Kahane était perçu comme un voyou et un marginal, que la Knesset a éjecté de son sein. Son héritier, Rehavam Ze’evi, plus institutionnel et partisan du transfert, n’a pas obtenu le soutien des masses et a été condamné rétrospectivement comme un violeur et un criminel.
Mais leurs idées n’ont pas disparu, et une génération et demie plus tard, elles sont arrivées dans le courant dominant, qui se cache encore derrière des arguments hypocrites tels que « le souci humanitaire pour les Palestiniens » ou « nous avons déjà tout essayé et le conflit n’a pas été résolu ; il est peut-être temps de trouver une autre solution. »

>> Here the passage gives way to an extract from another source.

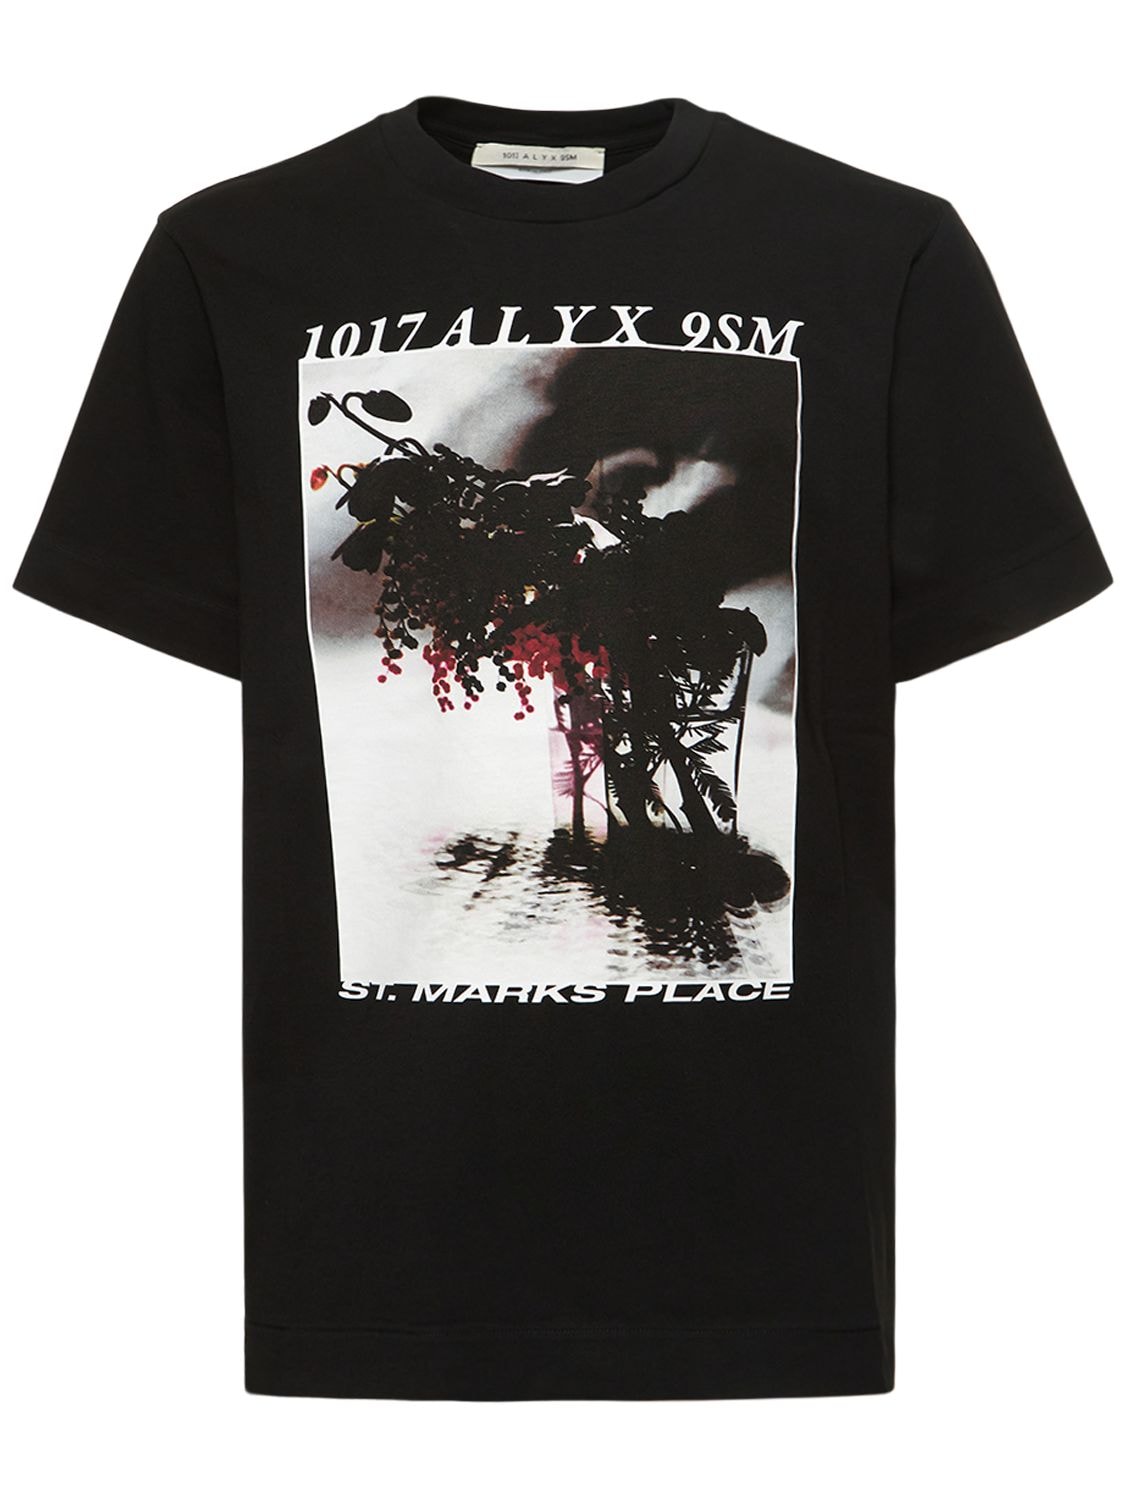 T-shirt En Coton Imprimé St. Marks Place - 1017 ALYX 9SM - Modalova

Il ne faut donc pas se moquer de la déclaration de Trump ou de l’enthousiasme de Netanyahou ou des ordres de Katz.Le démon de l’épuration ethnique sorti de la bouteille du politiquement correct et du respect des droits de l’homme, démon qui se cachait jusqu’à présent, sera difficile à remettre dans la bouteille.
Traduction : AFPS
Photo : Des Palestiniens fuient le nord de la bande de Gaza vers le sud, 27 novembre 2023 © UNRWA/Ashraf Amra
Voir en ligne : https://www.france-palestine.org/Le...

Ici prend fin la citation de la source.